Peter war schmaler geworden. Auch sein Haar war dünner geworden. Fein und weich wie Babyhaar, dachte sie. Neue Linien durchzogen sein Gesicht, seine Haut wirkte an einigen Stellen, besonders um die Augen, schlaff, und sein Mund war härter geworden. Aber seine Augen waren noch himmelblau, so blau, wie sie es immer gewesen waren.
»Danke, dass du gekommen bist«, sagte er. Und er hielt über dem Tisch ihre Hand, als ob sie ein Liebespaar wären.

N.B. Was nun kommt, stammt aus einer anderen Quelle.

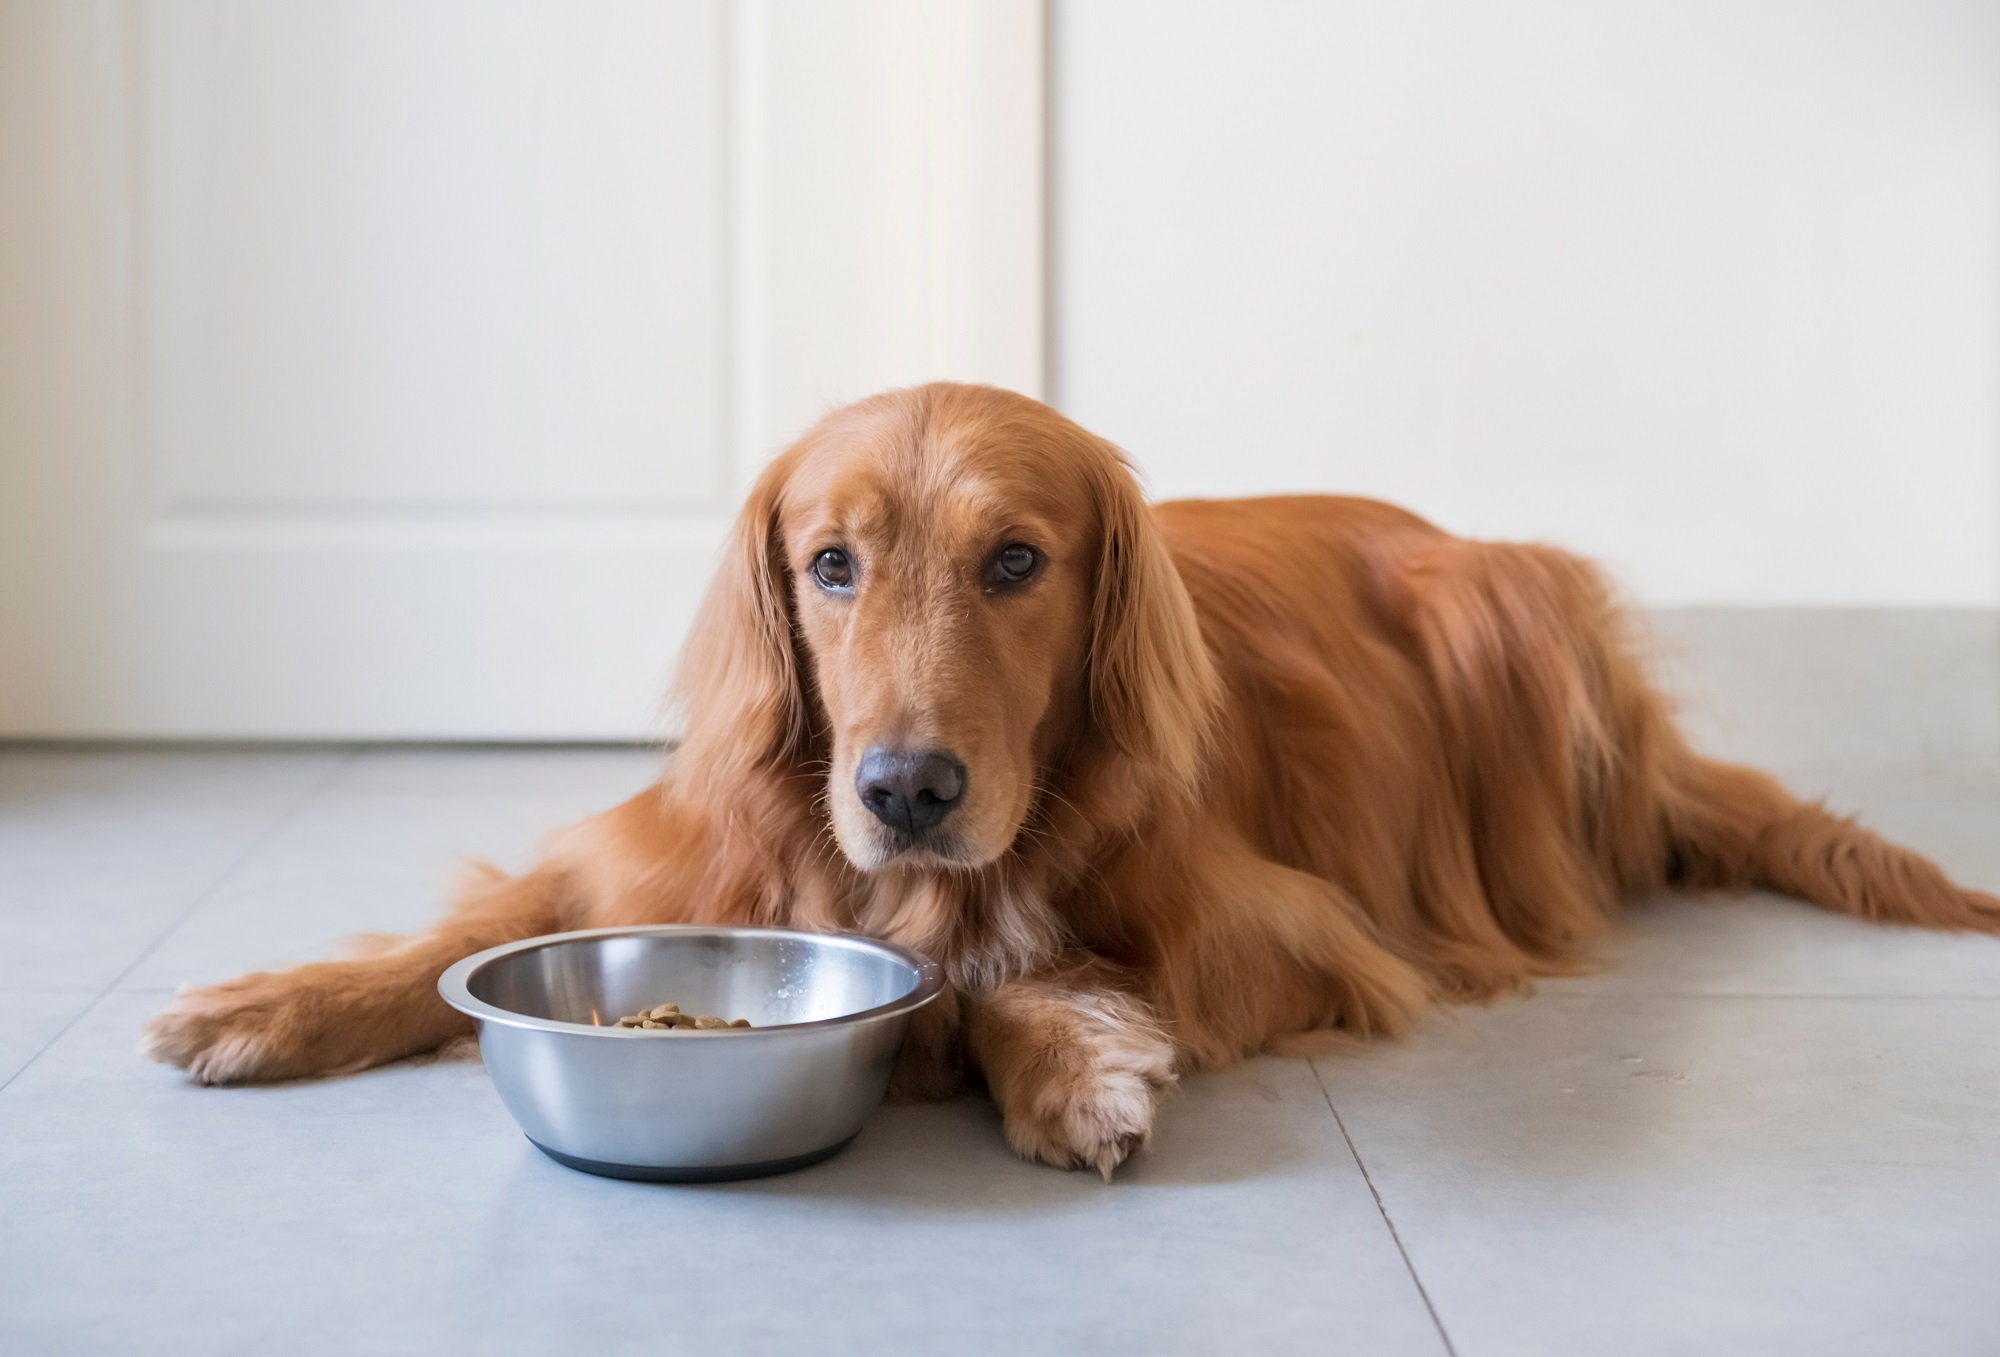 6 Best Dog Food for Golden Retrievers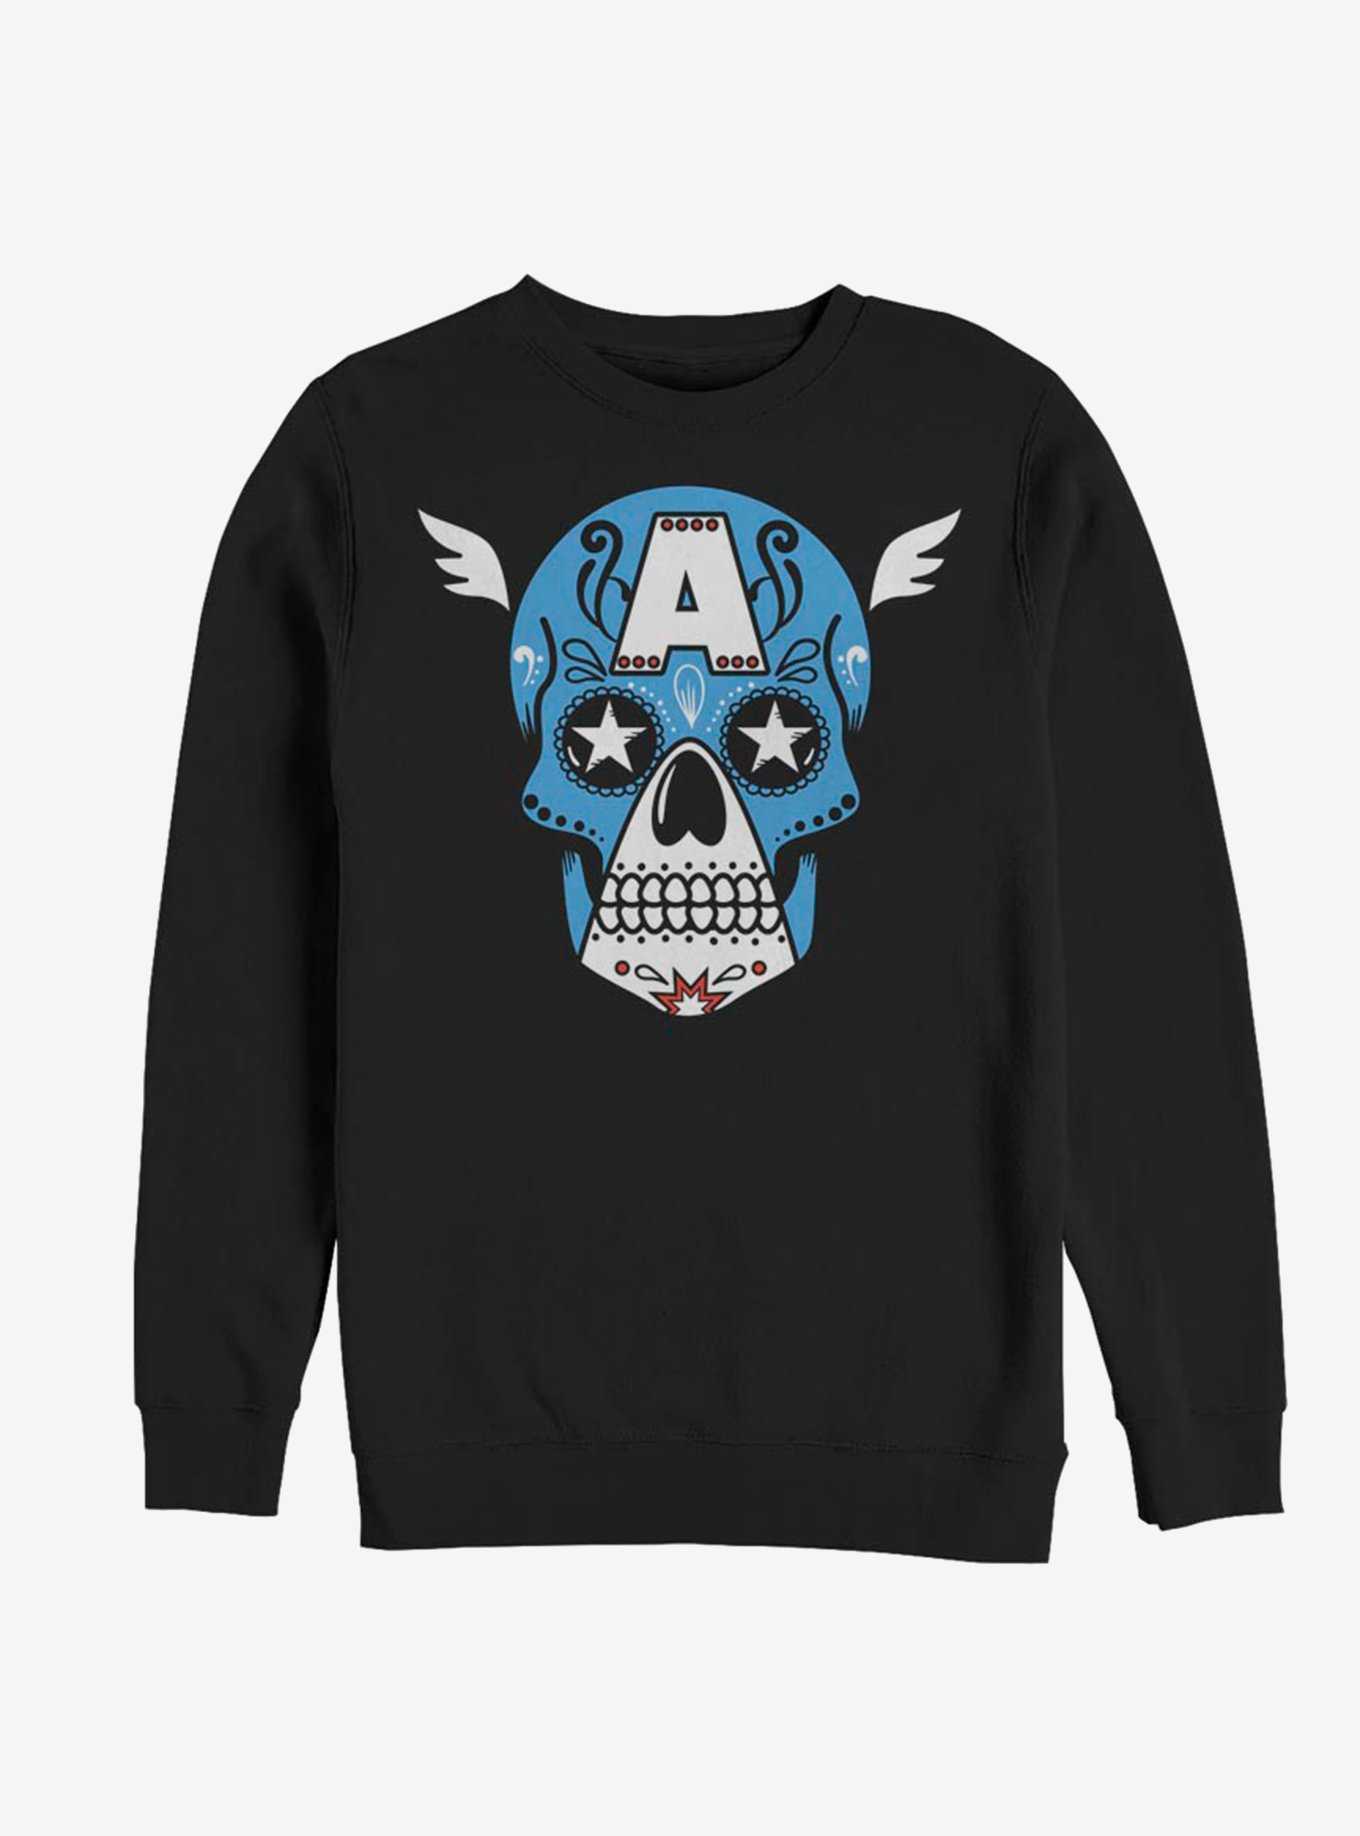 Marvel Captain America Sugar Skull Sweatshirt, , hi-res

Sie tranken Tee, aßen getoastete Hefebrötchen und redeten, stundenlang, wie es ihnen vorkam. Nicht nur über sein Leben und ihr Leben in den vergangenen Jahren, sondern auch über seine Krebserkrankung. Wenn er sprach, meinte sie, eine Kurzatmigkeit wahrzunehmen. Ihr Herz zog es noch immer zu diesem Mann, den sie einmal geliebt hatte. Sie waren inzwischen beide in den Vierzigern, mittleren Alters, konnte man wohl sagen, obwohl sie sich nicht so fühlte, vor allem, weil sie sich um eine kleine Tochter und ihr Geschäft zu kümmern hatte. Aber Peters Leben hatte sich nicht so entwickelt, wie er gehofft hatte. Und jetzt würde es zu Ende sein, bevor er fünfzig war.